Daniel Omar Nahra
Rudo y temperamental zaguero central que tuvo la suerte de hacer su carrera durante los ochenta y noventa. ¿Por qué decimos que tuvo esa suerte? De haber salido a las canchas en esta época, es muy probable que los delanteros e hinchadas rivales hubieran manoseado de lo lindo su apellido. Y eso hubiera sido lapidario para un defensor que sí o sí tenía que, por lo menos, imponer imagen.
Formó parte del plantel de Nueva Chicago (1982/83) que hizo las primeras armas de los de Mataderos en la A. Allí, sin escalas, fue parte del equipo sensación del Nacional ’82, del equipo que zafó con lo justo en el Metro ’82 y del equipo que empujado por el promedio rodó escaleras abajo hacia la B en 1983.
Pese al triste final, la película de nuestro homenajeado en la máxima categoría tiene una noche de gloria.
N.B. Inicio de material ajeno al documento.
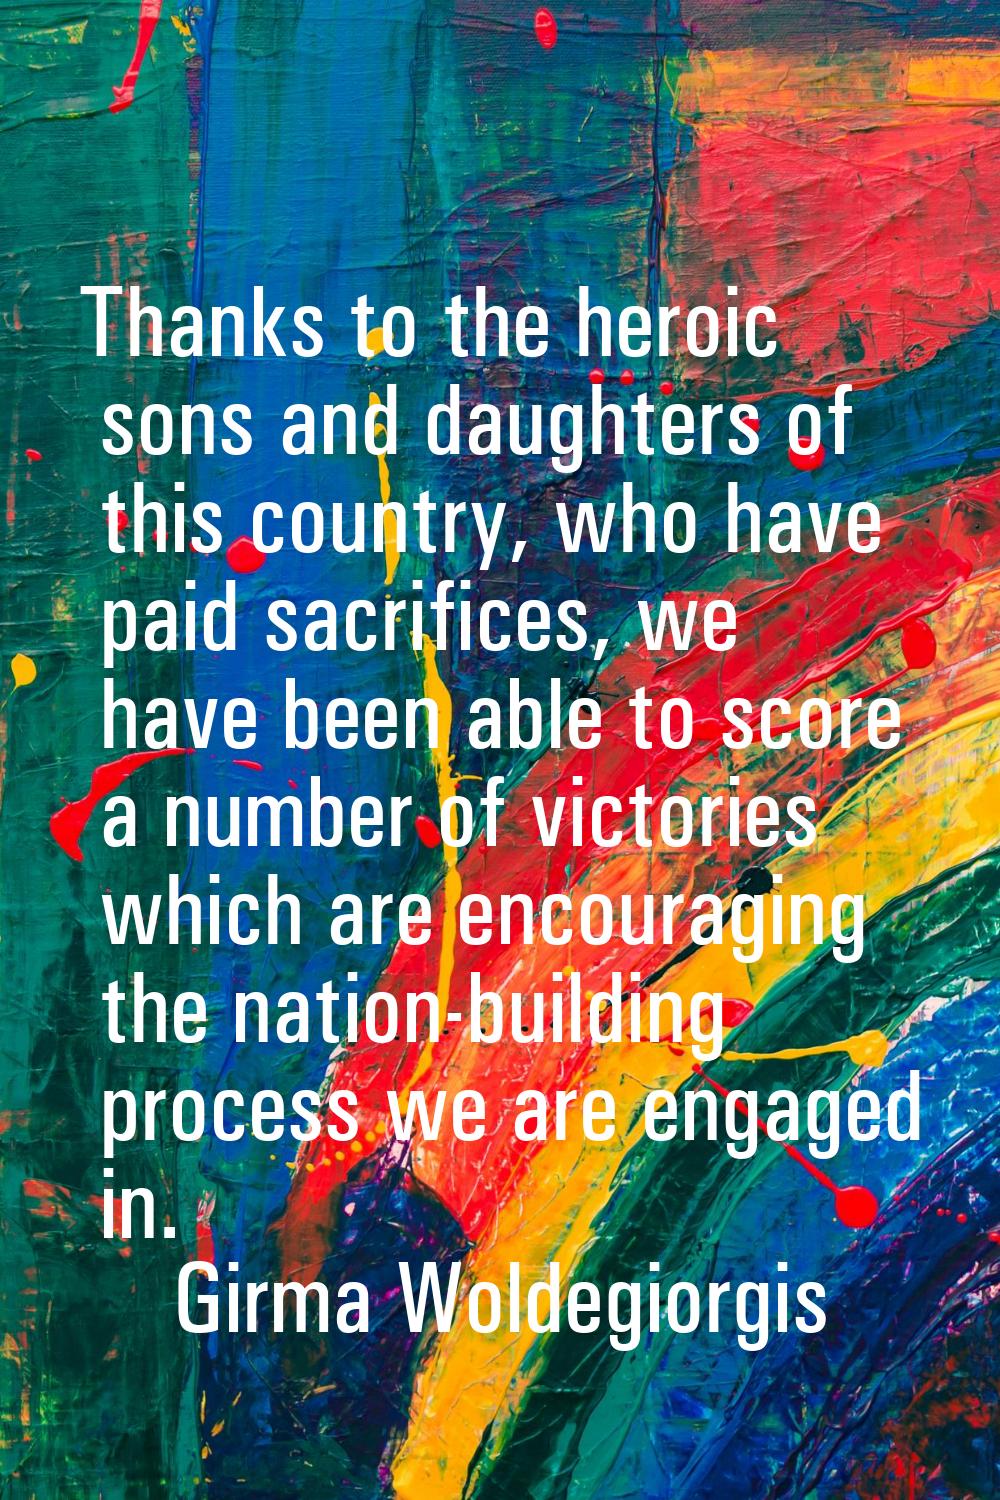 Thanks to the heroic sons and daughters of this country, who have paid sacrifices, we have been abl

Porque el 1 de noviembre de 1983 junto con Jorge Traverso, Lucca, Claudio Larramendi, Roberto Pereyra, Pedro Hermosilla Flores, Callipo, Roberto Vega, Luis Armani, Otermín y Acuña fue uno de los protagonistas de la paliza histórica 5-0 a Boca en Liniers. Partido con el que seguramente podrá chapear mucho más que con los otros 21 que jugó para el Torito.
Con sus quince minutos de fama ya casi consumidos, recorrió el ascenso con la camiseta de Almirante Brown (1985) para dejar la estadística de 36 partidos jugados, 2 goles convertidos y mucha charla de vestuario con íconos como Reggiardo, Rufini, Johansen y Giantomassi.
En 1987 aportó presencia, hacha y tiza en la zaga de Argentino Oeste. Allí se reencontró con Ricardo Bina, un viejo conocido de sus épocas en Chicago y formó parte del equipo que causó furor en el Torneo del Interior. Furor que se cortó de cuajo (?) tras la derrota por penales en las semifinales contra Villa Dálmine. Por lo menos nadie le puede negar haber dejado una imagen aceptable y de paso haber hecho escuela en el arte de raspar piernas rivales para que la joven promesa recién surgida, un tal Nelson David Vivas, siga su ejemplo.
Tras la experiencia enriquecedora, volvió a su mundo y siguió desfilando por el ascenso. Vistió la camiseta de Temperley (1987/88) y pudimos descubrirlo años más tarde descendiendo nuevamente con los colores verdinegros. Aunque esta vez la víctima fue San Martín de San Juan (1991/92).
Repasando: apenas una veintena de partidos en la A, un par de descensos sobre el lomo, rodaje en la B, presencia en ligas del interior, pocos flashes en general, una noche histórica y, para qué negarlo, un apellido que es pura fantasía. ¿Le faltó un tour por el exterior? Hasta donde sabemos sí, pero ciertos baches en su trayectoria nos mantienen viva la esperanza de que alguien diga lo contrario.
Para el final se impone una pregunta que tranquilamente podría ser duda existencial. ¿Tiene algo que ver con Wanda? Nahra que ver.